[Material provided]

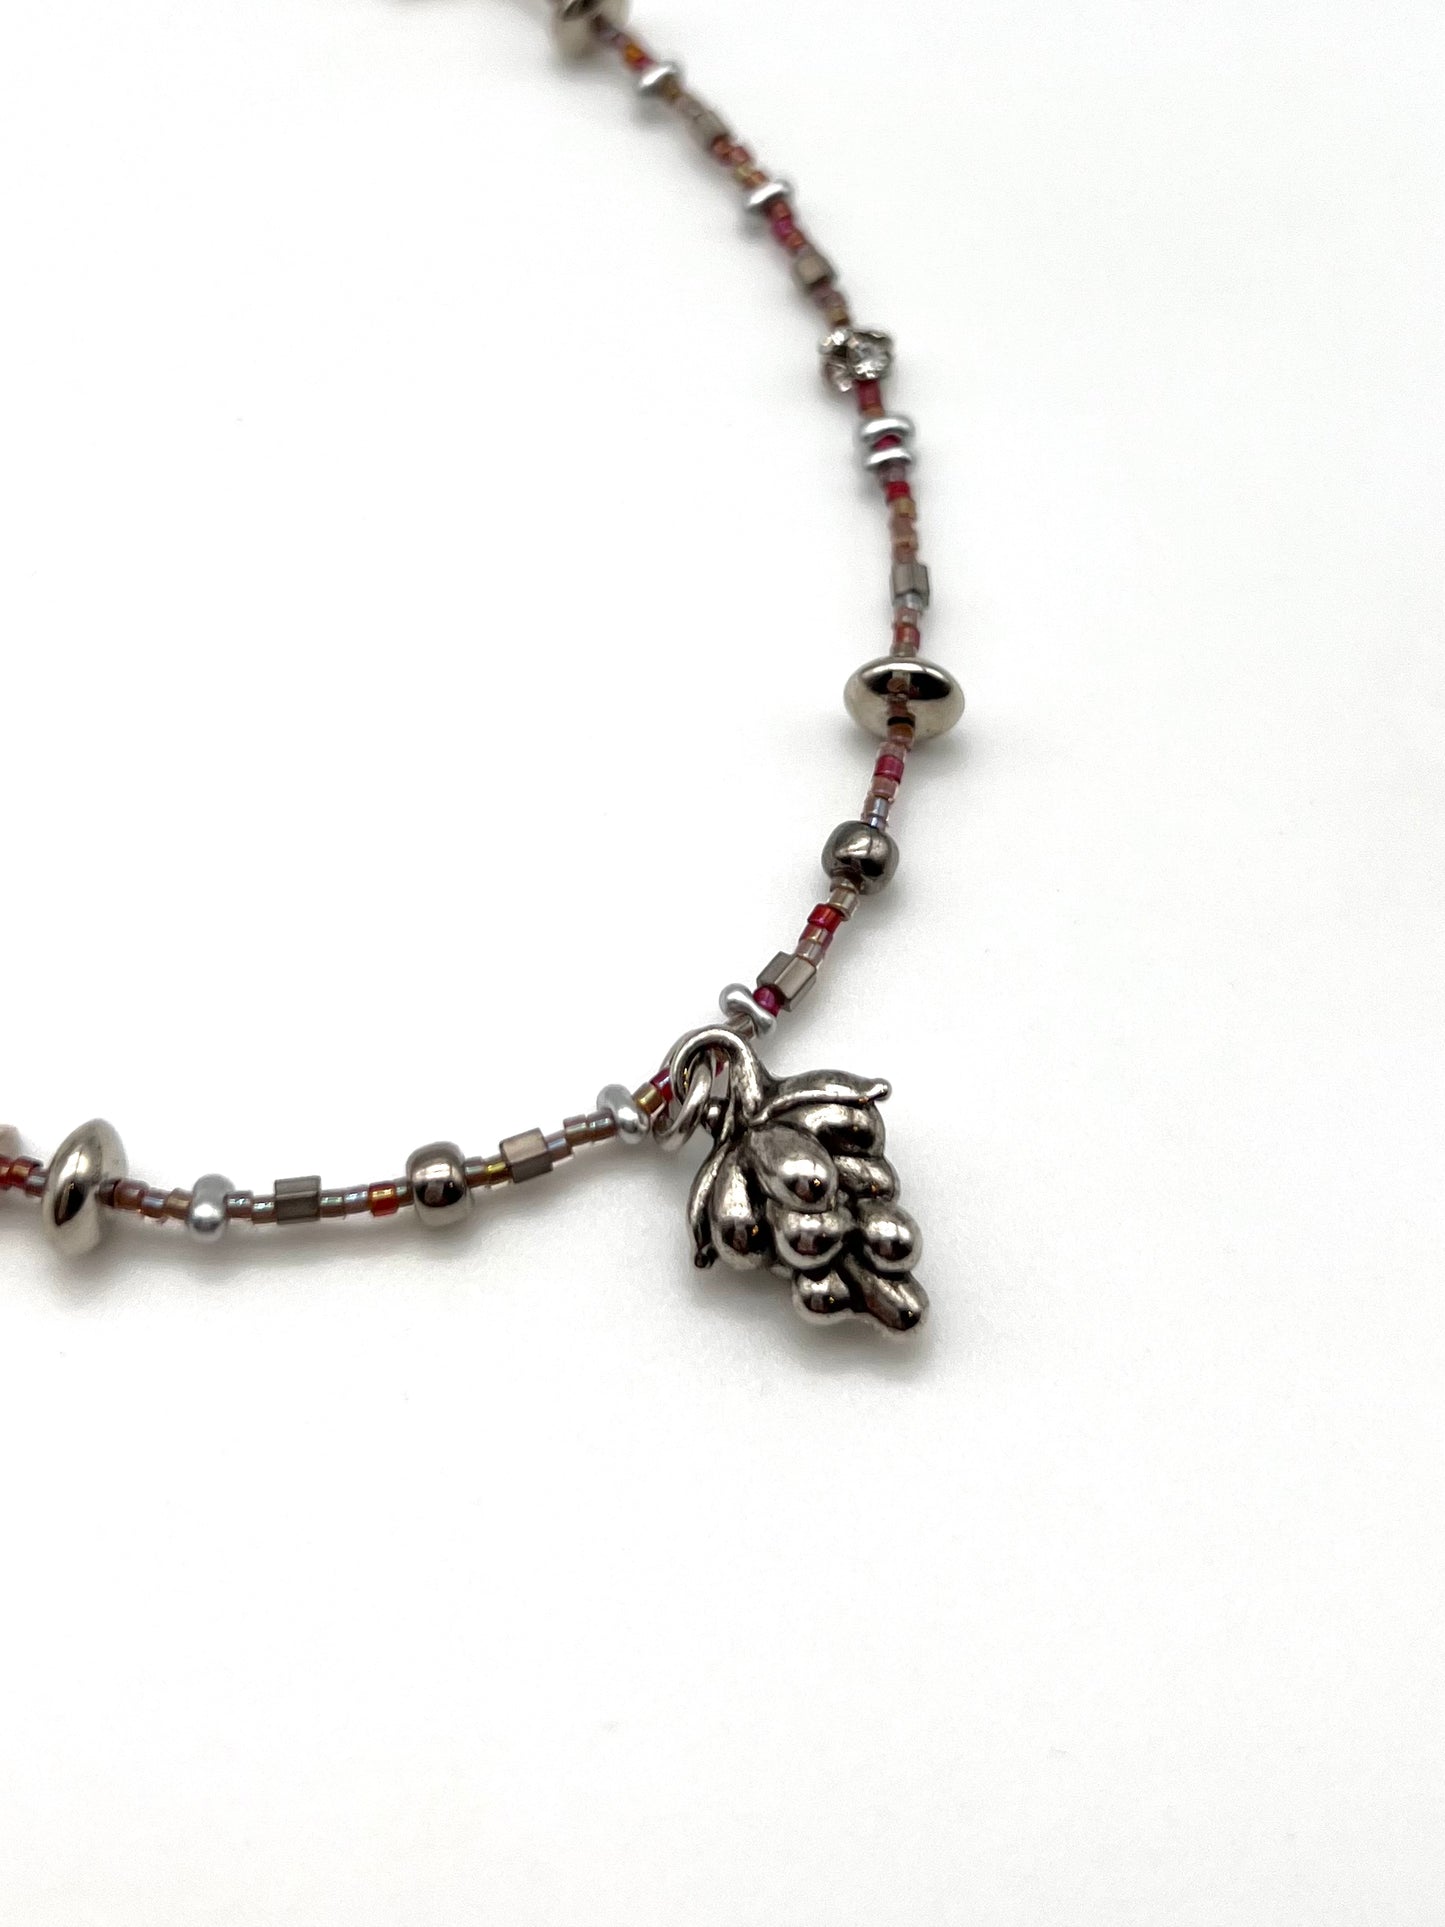 Fruits charm beads necklace
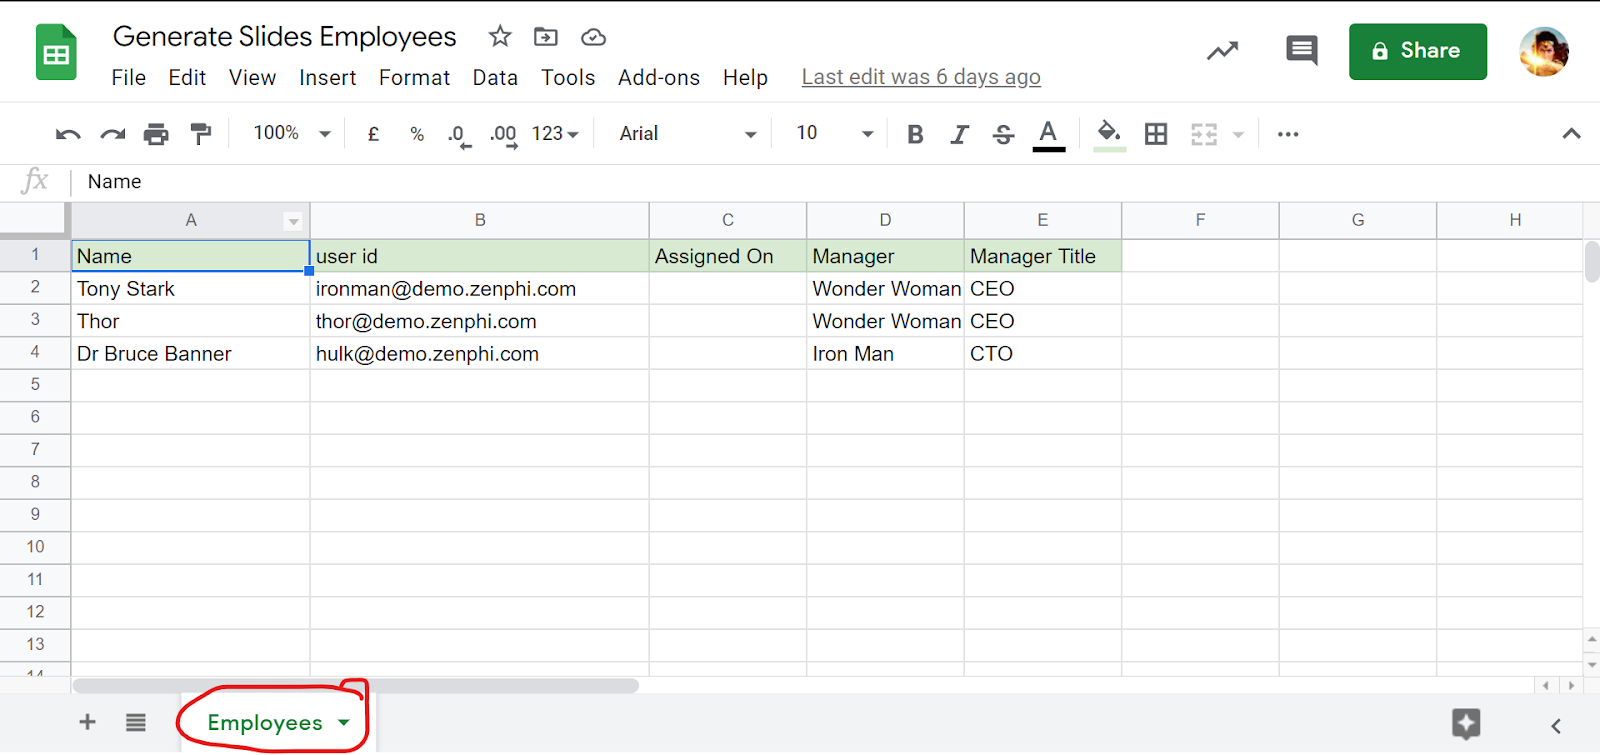 Record your interns' information using Google Sheets.
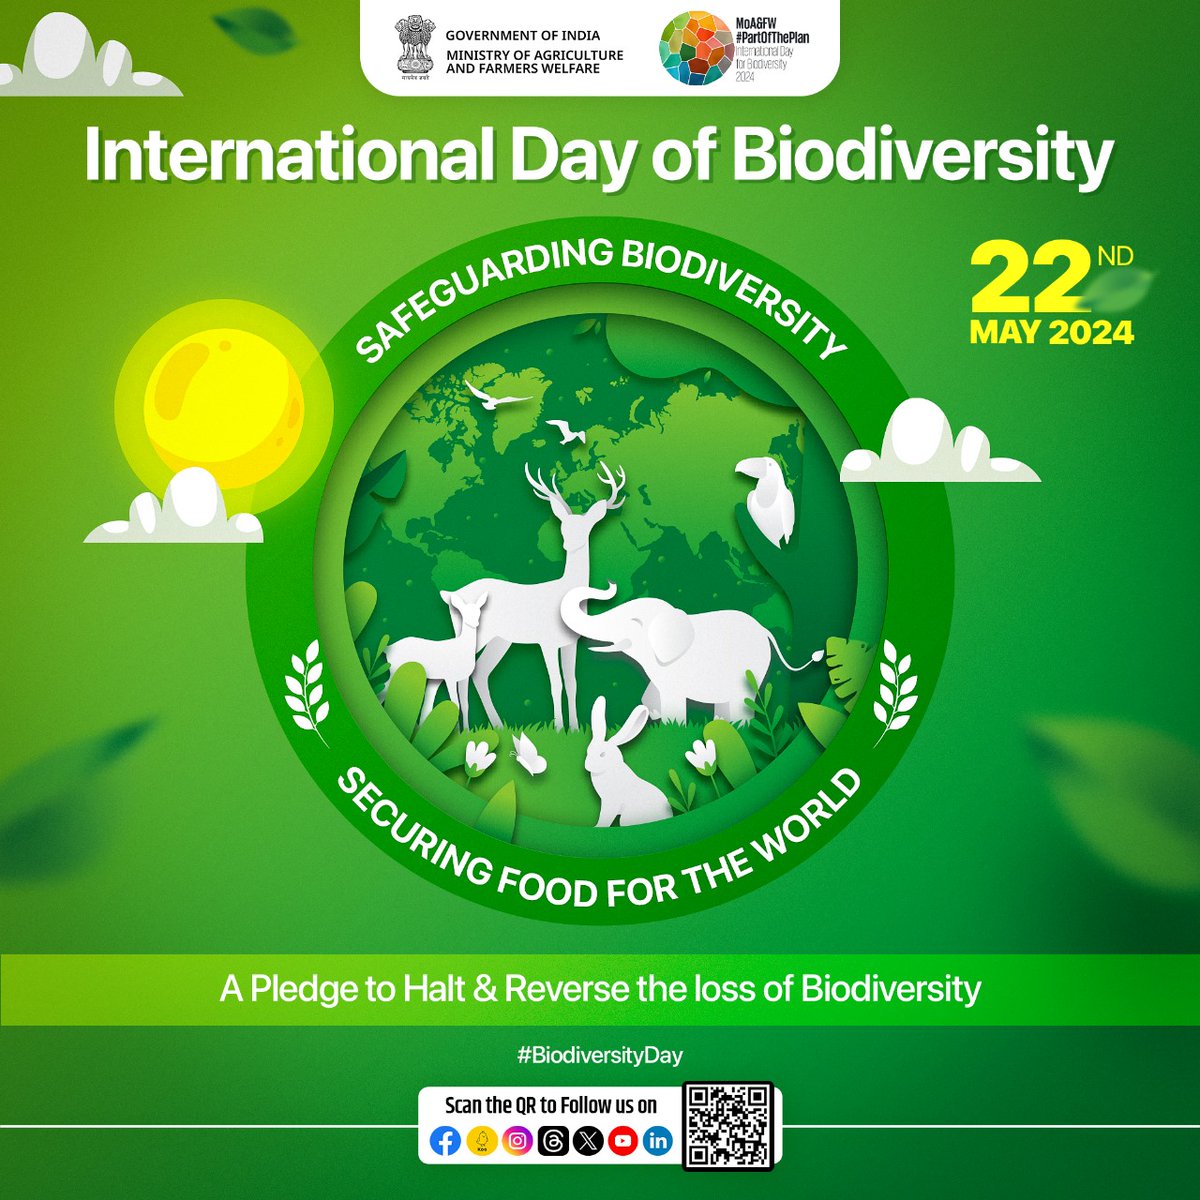 International Day of Biodiversity 2024! “Biodiversity & Agriculture,” seeks to highlight the importance of sustainable agriculture to preserve biodiversity, to ensure that farmers are able to feed the world & maintain agricultural livelihoods #BiodiversityDay #PartOfThePlan
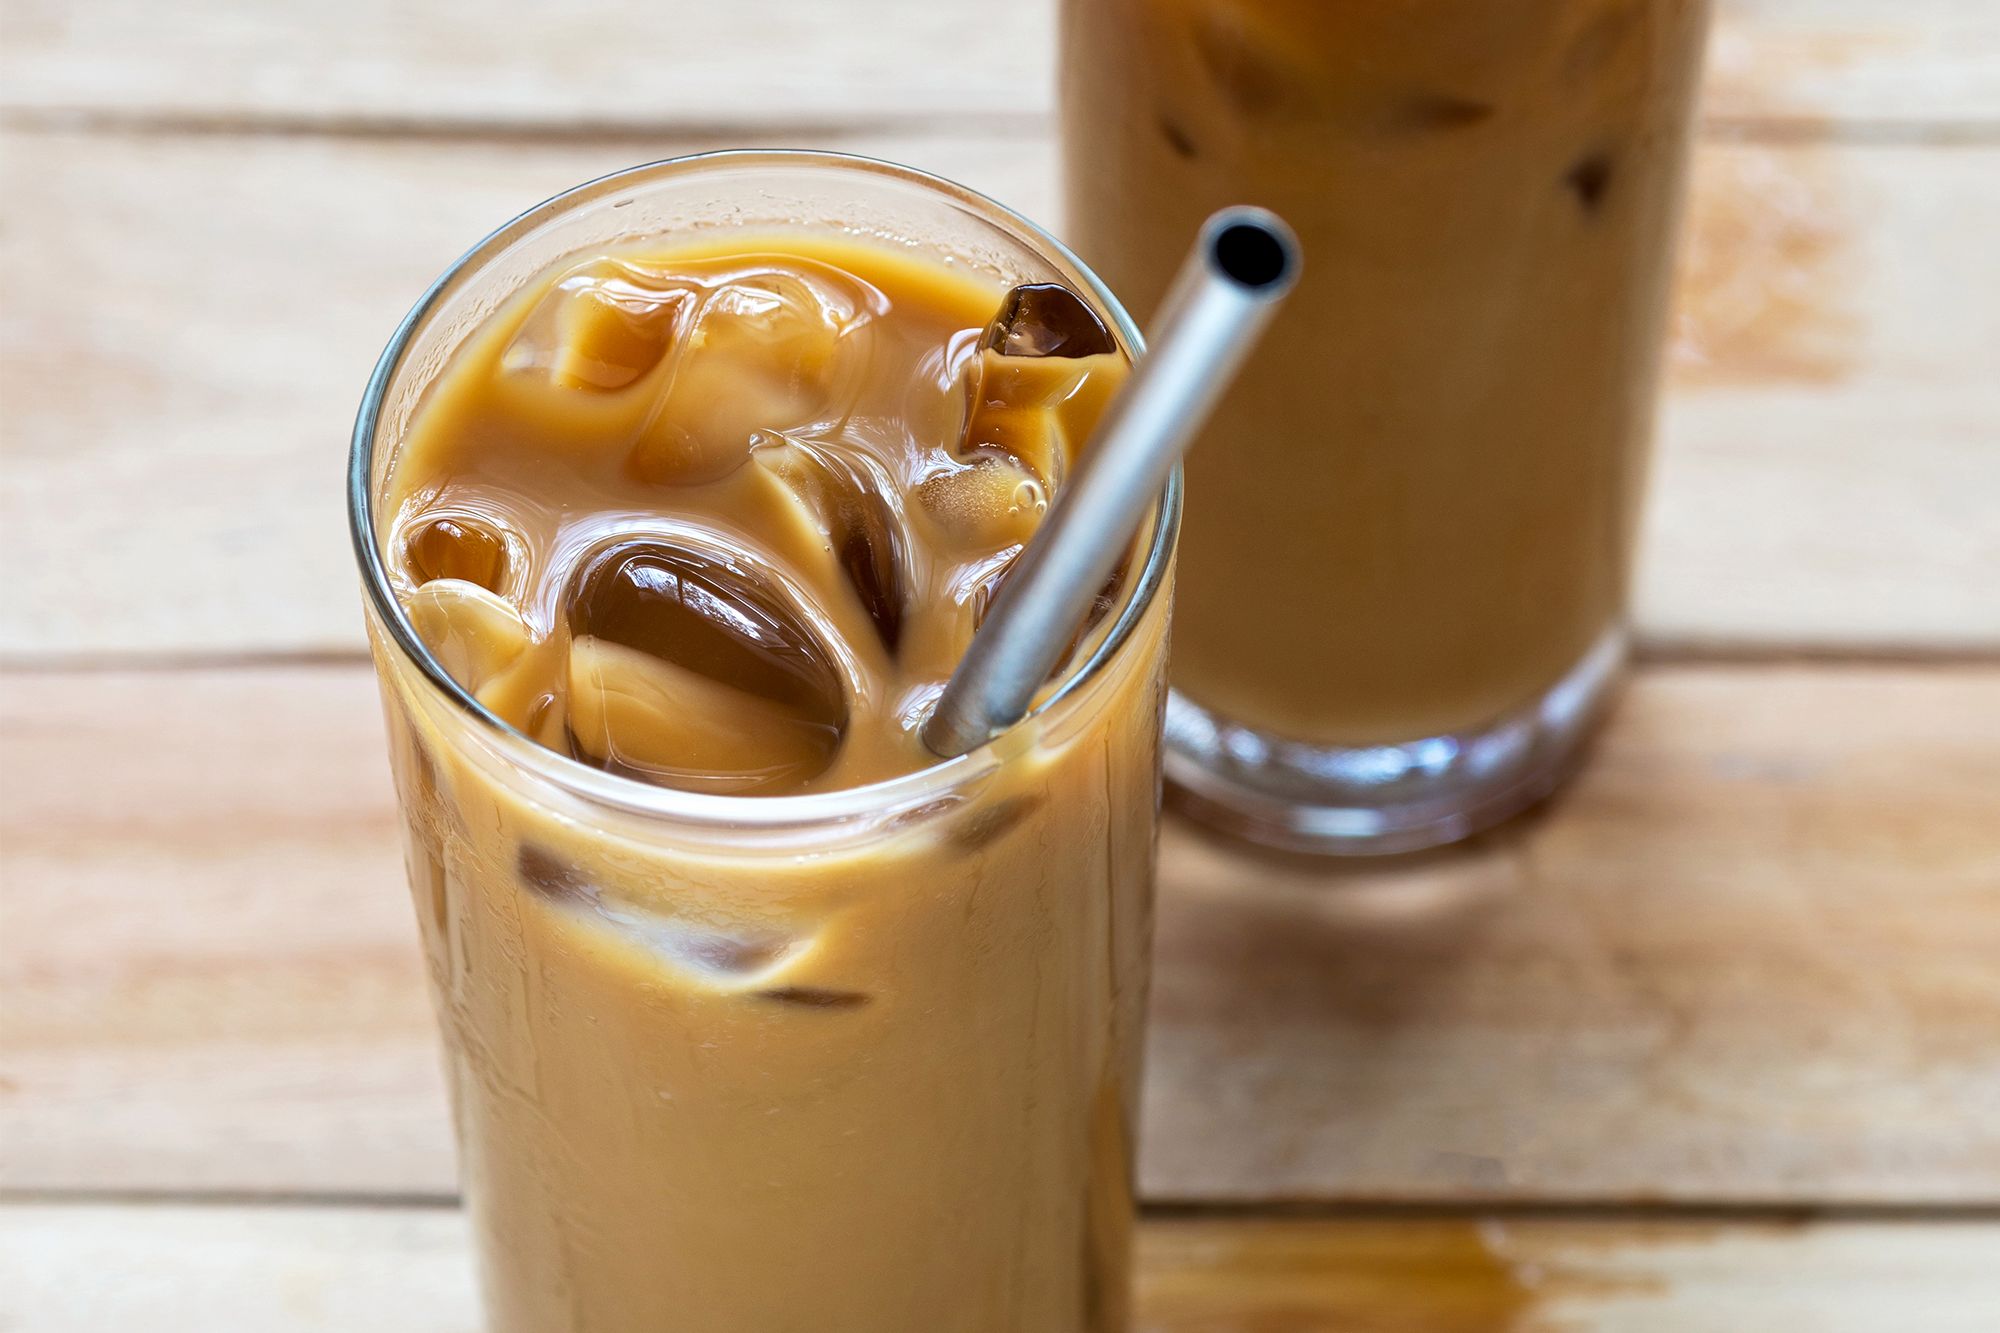 How to Make Iced Coffee at Home (5/18/2020)

[/Material provided]

What to do
Please return only the lines running from the line with "Record your interns'" to the final line of the data, both included, exactly and without any pictures.

Response box
 Record your interns' information using Google Sheets.
 International Day of Biodiversity 2024! “Biodiversity & Agriculture,” seeks to highlight the importance of sustainable agriculture to preserve biodiversity, to ensure that farmers are able to feed the world & maintain agricultural livelihoods #BiodiversityDay #PartOfThePlan
 How to Make Iced Coffee at Home (5/18/2020)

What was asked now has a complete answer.